43. No Apology Necessary

43. No Apology Necessary

From Chicken Soup for the Soul: The Power of Forgiveness

No Apology Necessary

Freedom is the oxygen of the soul.

~Moshe Dayan

“How can I forgive someone who refuses to apologize for what he did?” The woman looked around the room as many of us nodded in agreement. One of those bobbing heads belonged to me.

I was sitting in a church basement in a class called Divorce Care. The class was designed to help people get over one of the most hurtful experiences a person can go through, but so far it hadn’t helped me all that much.

A few months before, my ten-year marriage had ended with the stereotypical “I love you, but I’m not in love with you.” This bombshell was dropped in a telephone call on a Tuesday morning, four days before Christmas.

It was positively brutal.

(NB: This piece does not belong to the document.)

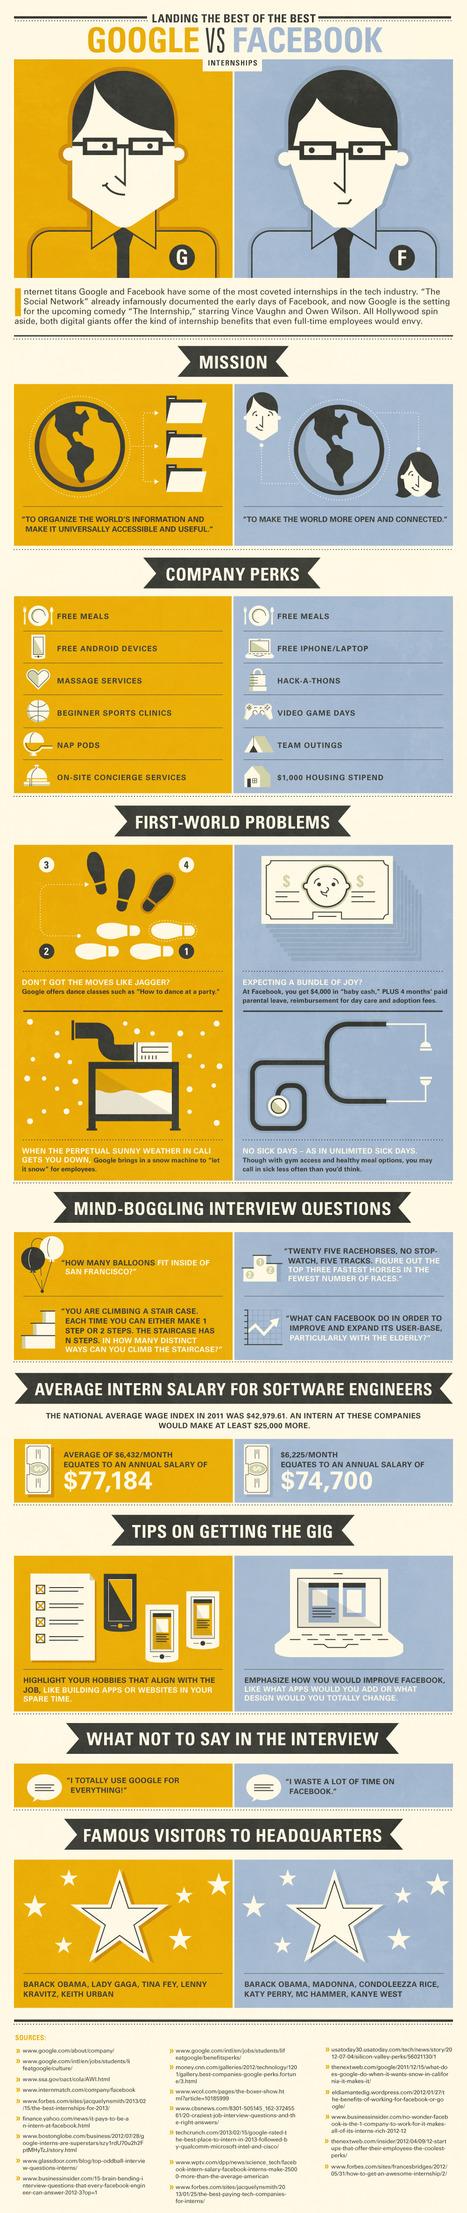 Google vs. Facebook Internships #infographic | Rwanda News | Scoop.it

And when friends began telling me they’d seen my husband out to dinner with another woman, my pain turned into anger.

I’d tried to force him to admit he’d cheated on me, but he insisted he’d met her a few weeks after our split. I didn’t believe him. “Don’t you even feel bad for what you did to me?” I’d ask. “Don’t you think you owe me an apology?”

“You want an apology?” he’d answered. “Okay, here goes: I’m really sorry that you failed to make me happy in our marriage. I’m sorry that your constant concern for our children and negligence toward me made me feel like a fifth wheel in my own home. I’m sorry that you are a poor excuse for a wife and you left me no choice but to leave you.”

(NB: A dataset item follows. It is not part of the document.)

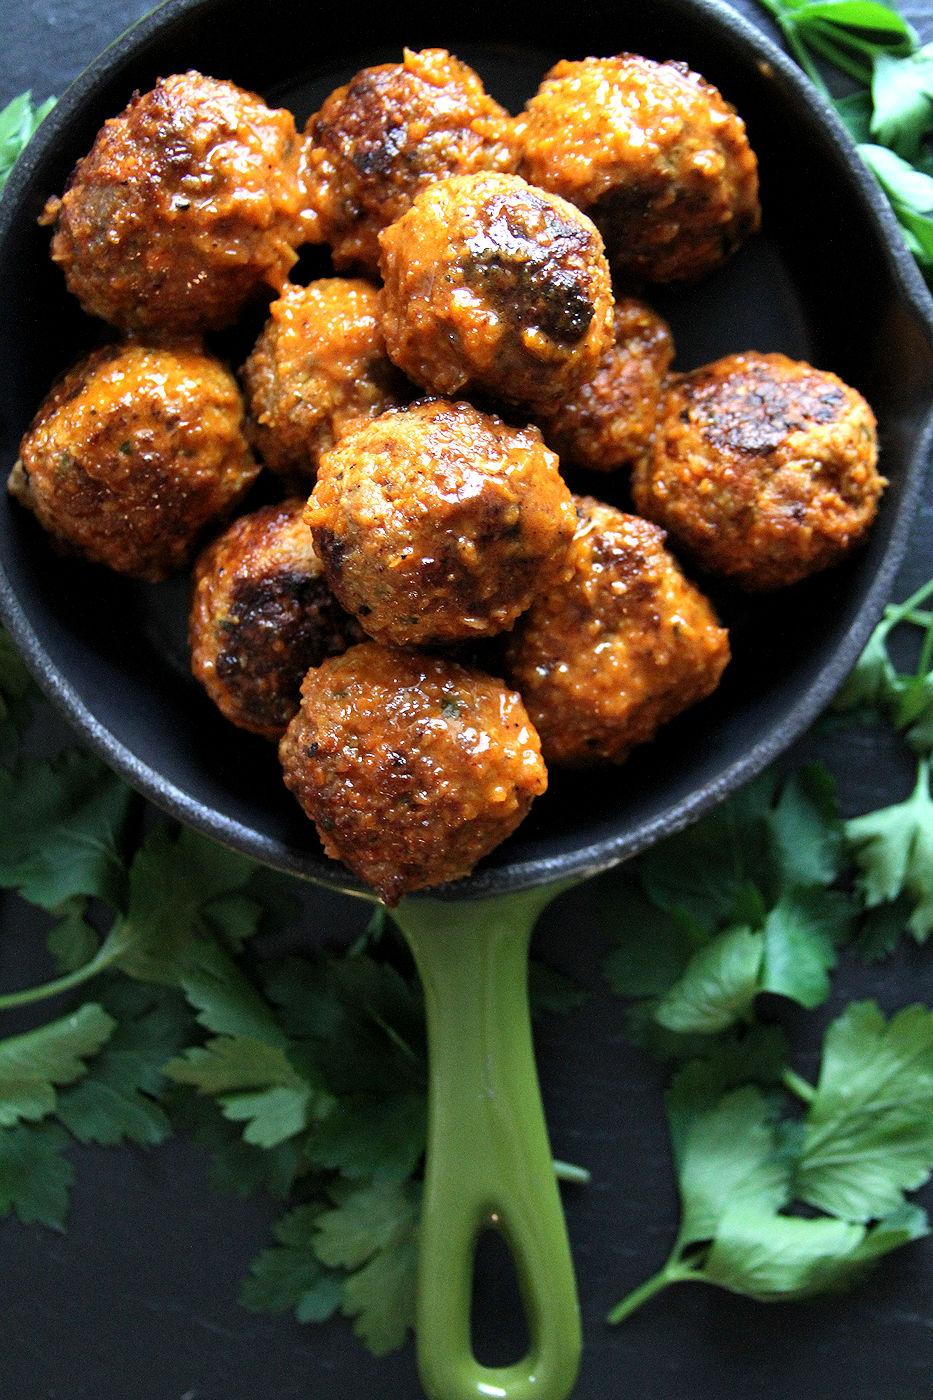 Morrocan-SpicedTurkeyMeatballs-medium2

“Just because a sentence begins with the words ‘I’m sorry’ does not make it an apology,” I said, barely hanging onto my composure.

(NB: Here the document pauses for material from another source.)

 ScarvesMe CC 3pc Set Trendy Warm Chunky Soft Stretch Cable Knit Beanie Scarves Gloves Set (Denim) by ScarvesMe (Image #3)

“Well, I’m sorry that you aren’t willing to take responsibility for the failure of our marriage,” he said. “Because it is your fault.”

I hung up and dissolved into tears.

To this day, those words are the only “apology” I’ve ever been given for ending a ten-year marriage that produced two children. My fatal mistake, it seemed, had been loving my children too much.

And now I sat in a church basement listening to Matt, the leader of the Divorce Care class, tell the wounded souls that they needed to forgive the person who’d hurt them the most.

How? How was I supposed to forgive someone who refused to apologize?

“Forgiveness isn’t about the other person,” Matt said. “It’s about you.”

“But he’s never apologized for what he did to me,” Kim, the lady with the original question, said.

“Does your ex-husband care if you’re angry with him?” Matt asked her.

Kim folded her arms across her chest. “No, he’s too busy taking his new girlfriend out on the town.”

I could relate to that.

“How long have you been divorced?”

“Five years.”

“And how long after your divorce did your ex-husband move on with his life?”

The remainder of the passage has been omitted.